According to the American Dental Association, a dental examination is as important as immunizations and booster shots and should be a regular part of back-to-school preparations. Statistics from the Centers for Disease Control and Prevention say that tooth decay affects U.S. children more than any other chronic infectious disease and 19 percent of children ages 2 to 19 years old have untreated tooth decay. Dental pain or disease can lead to difficulty in eating, speaking, playing and learning as well as millions of hours of missed school.
Your child's back-to-school checklist should include:
Regular dental examinations to diagnose and treat or prevent dental problems. Parents and teachers may not realize there's a dental problem, so regular checkups are important. Your dentist may suggest fluoride treatments or sealants to prevent decay and can diagnose and treat dental problems to save your child pain and lost school time.

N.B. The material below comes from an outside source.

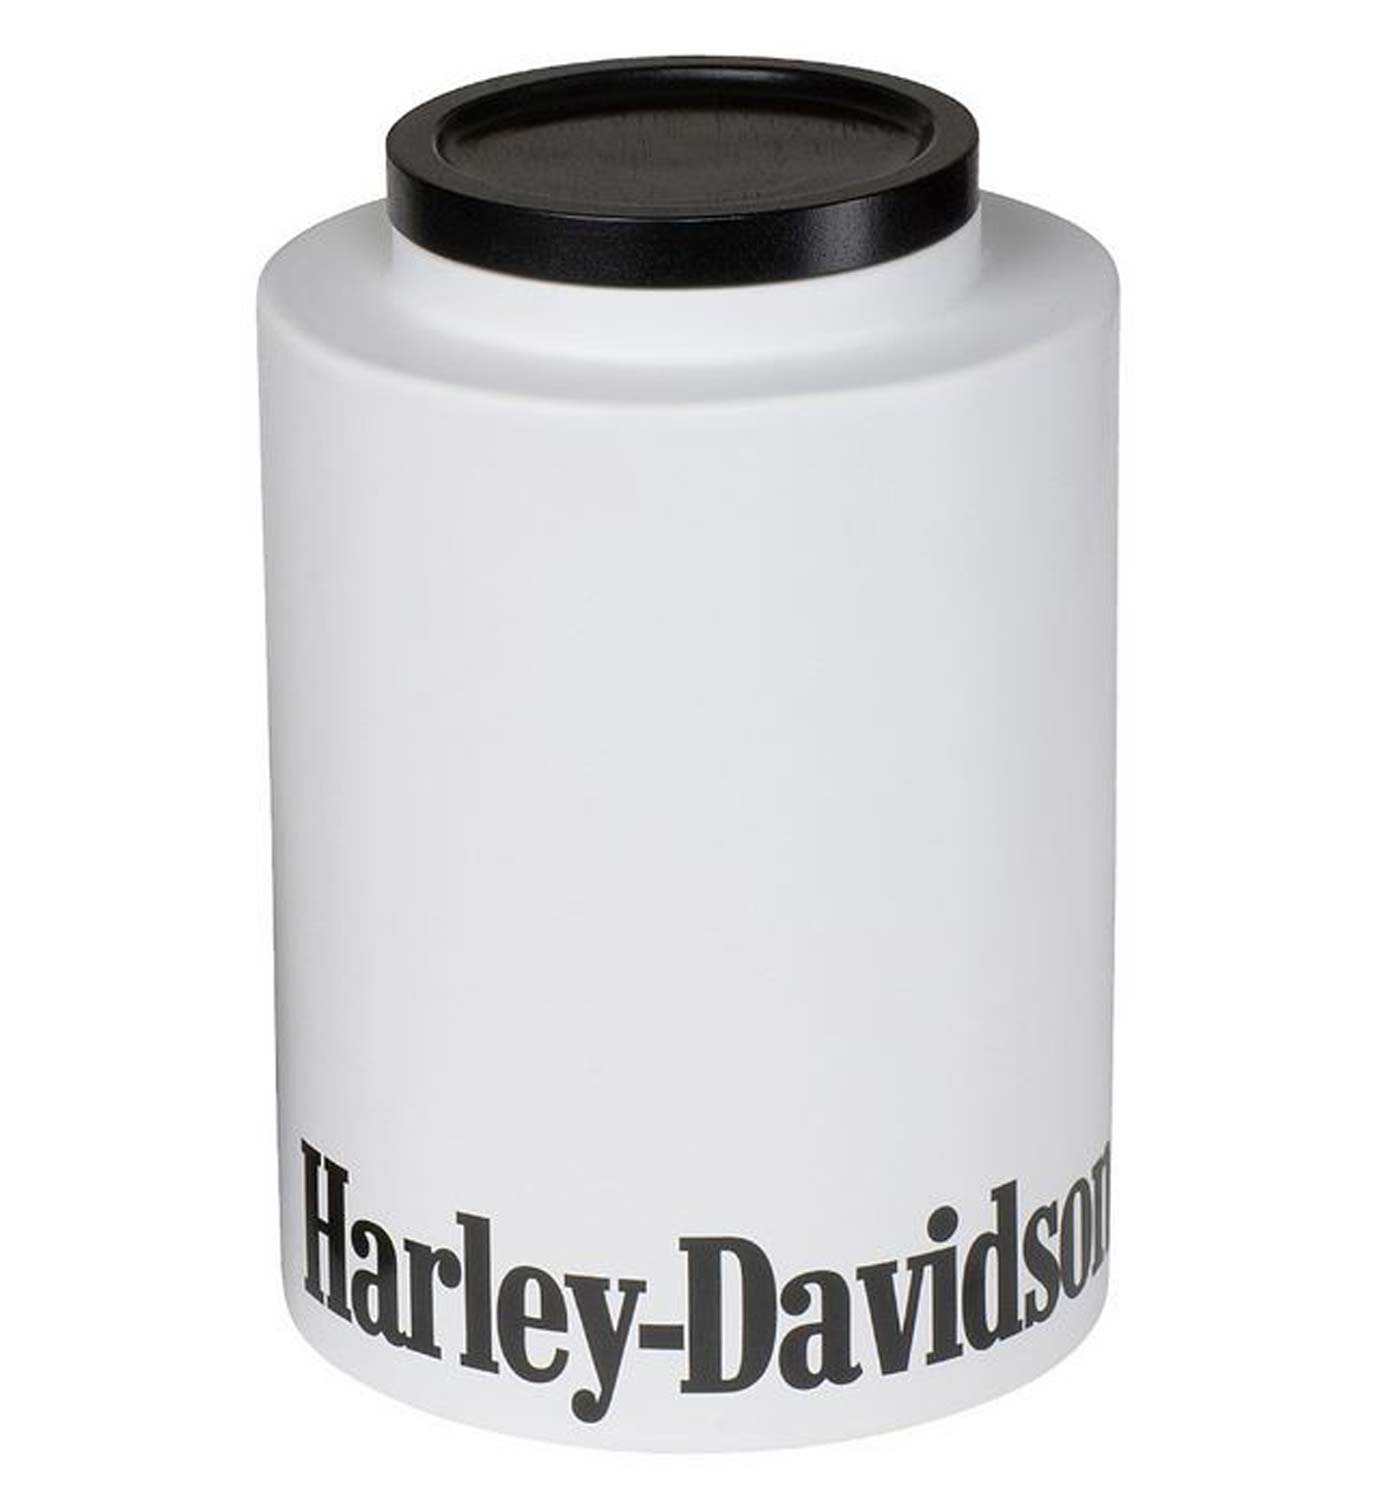 Harley-Davidson Large White Cookie Jar

Regular brushing with fluoride toothpaste and flossing. head for the dental care aisle when you're out shopping for notebooks, binders and pencils. If parents buy several toothbrushes they could have their child change to a new one every three months or so, or after an illness. If it's hard to remember when to change a brush, you could try to change it every time report cards come out. Ask your dentist for a recommendation on how often to change toothbrushes.
Eating healthy lunches and snacks. Include portable healthy lunch items and snacks in your child's sack lunch, including grains, milk, cheese, raw vegetables, yogurt or fruit. If your child eats in the school cafeteria, review healthy, balanced food choices with him before the first day of school. Cut back on sugary foods and soft drinks.
Wearing a properly fitted mouthguard while participating in organized sports, PE classes or playground activities.